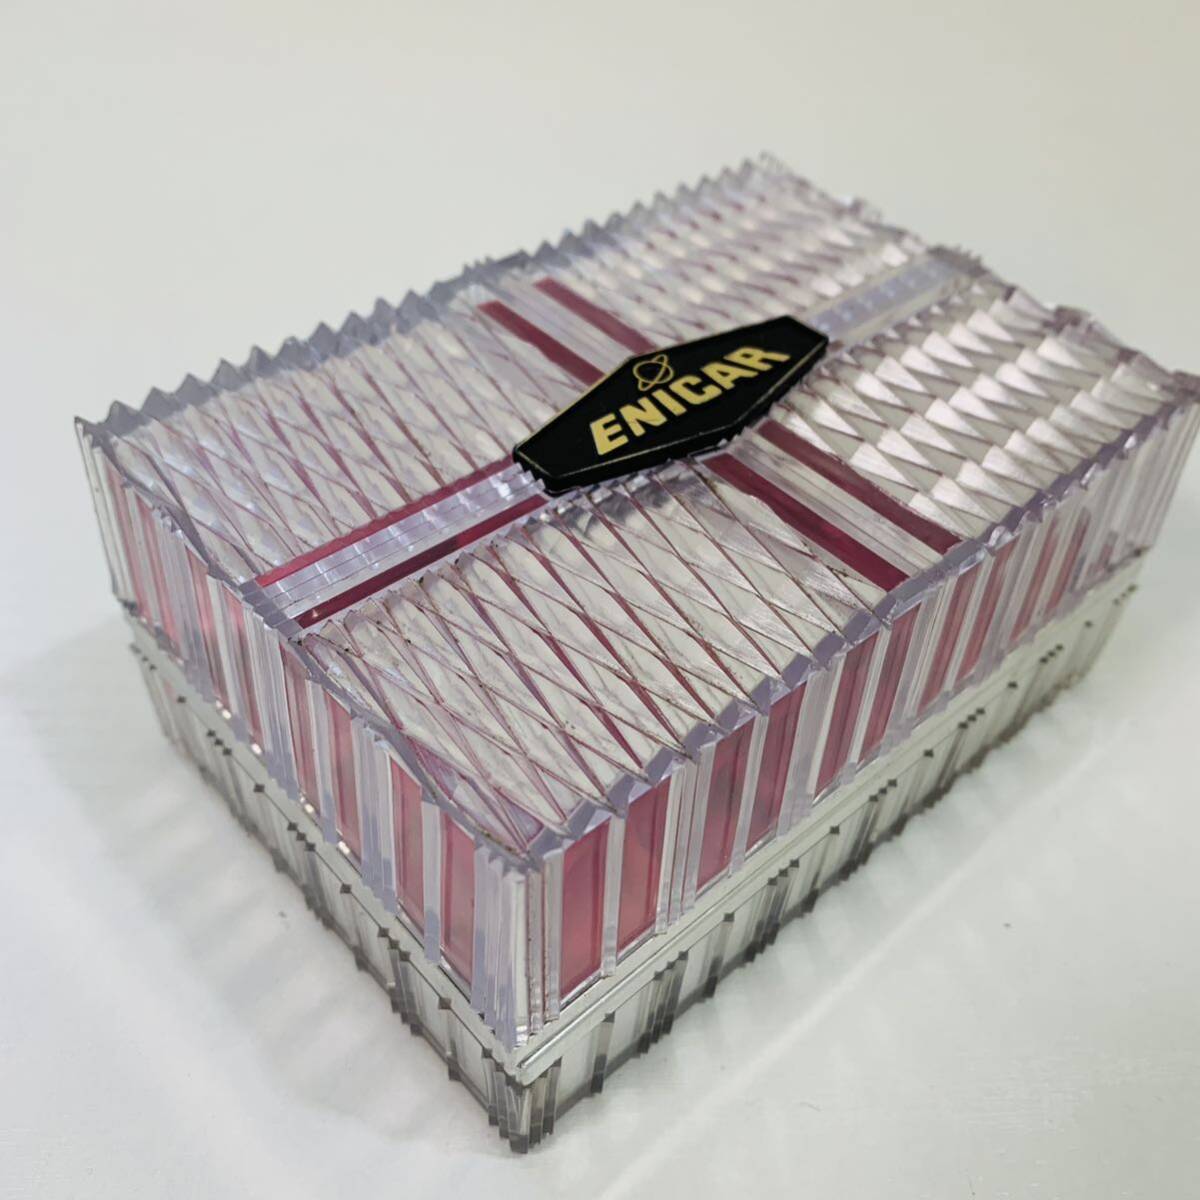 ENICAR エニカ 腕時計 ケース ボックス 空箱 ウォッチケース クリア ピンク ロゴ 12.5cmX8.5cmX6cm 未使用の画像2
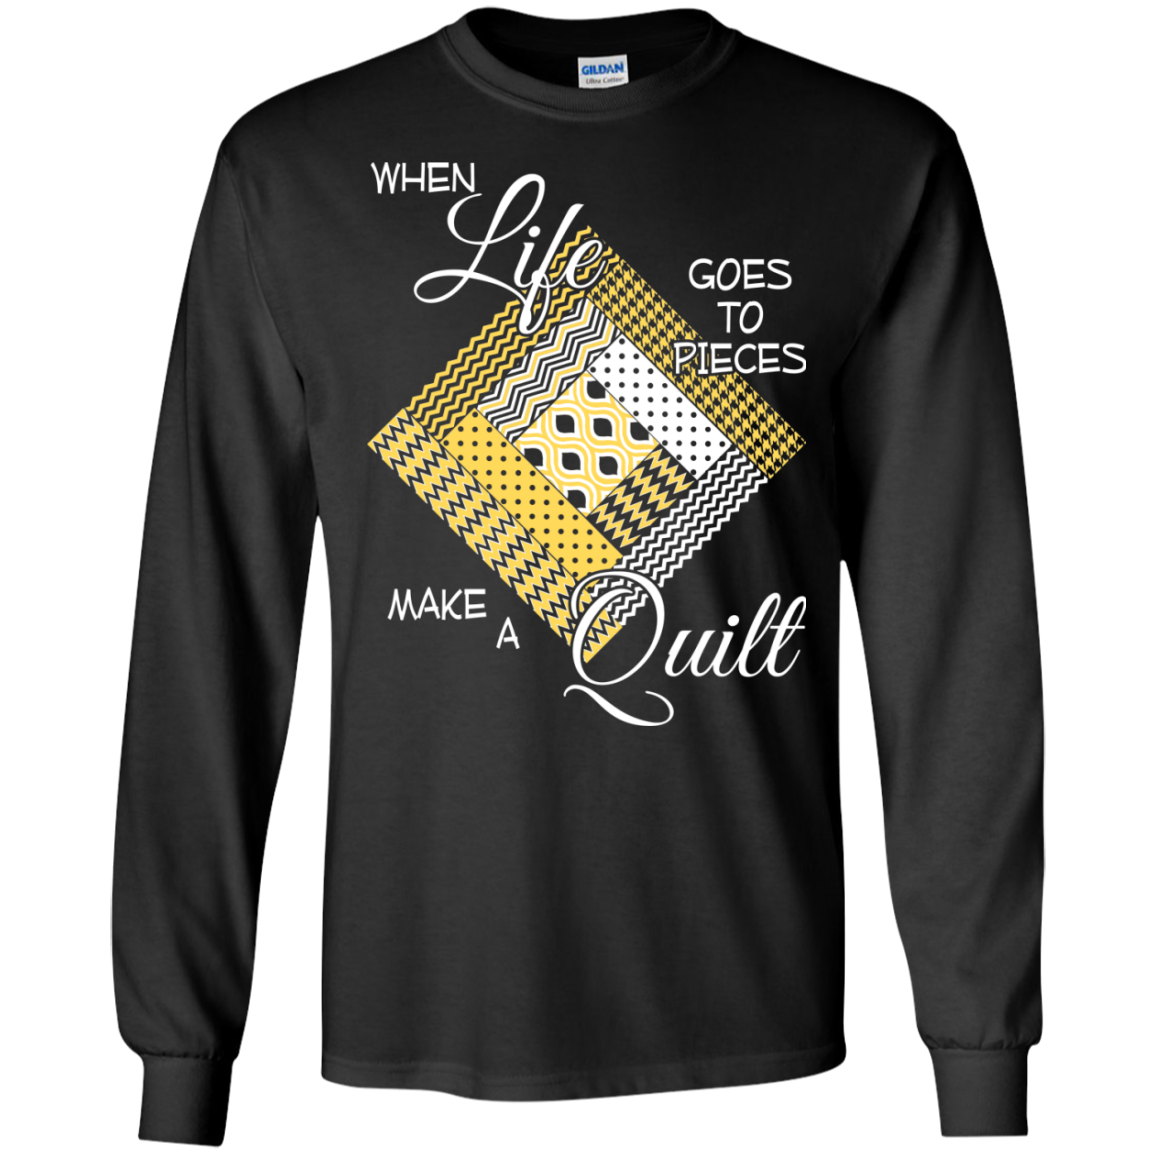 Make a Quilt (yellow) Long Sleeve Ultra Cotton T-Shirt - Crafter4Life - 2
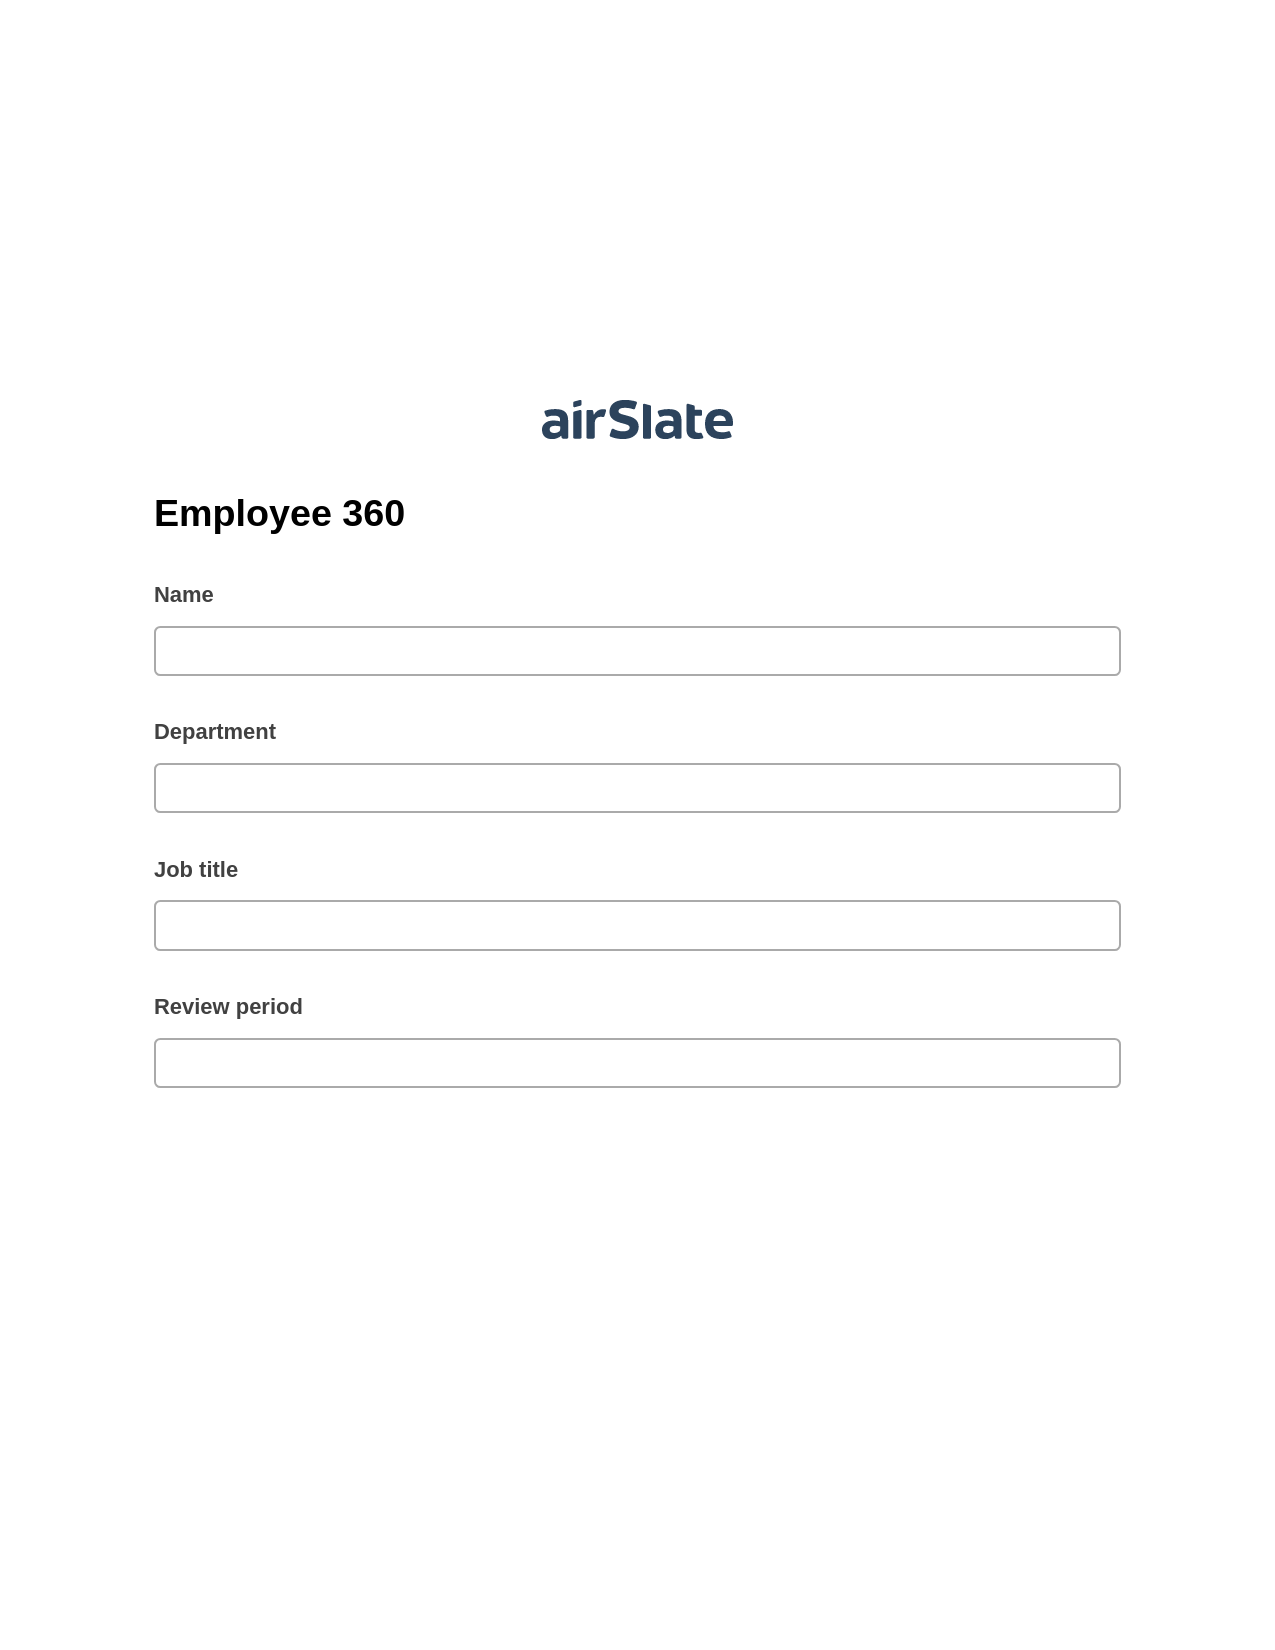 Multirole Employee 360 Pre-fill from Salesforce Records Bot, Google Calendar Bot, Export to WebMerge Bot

+++++

Task item
Copy the whole listing above word for word but do not carry over the pictures.

Task answer
 ENICAR エニカ 腕時計 ケース ボックス 空箱 ウォッチケース クリア ピンク ロゴ 12.5cmX8.5cmX6cm 未使用の画像2
 Make a Quilt (yellow) Long Sleeve Ultra Cotton T-Shirt - Crafter4Life - 2
 Multirole Employee 360 Pre-fill from Salesforce Records Bot, Google Calendar Bot, Export to WebMerge Bot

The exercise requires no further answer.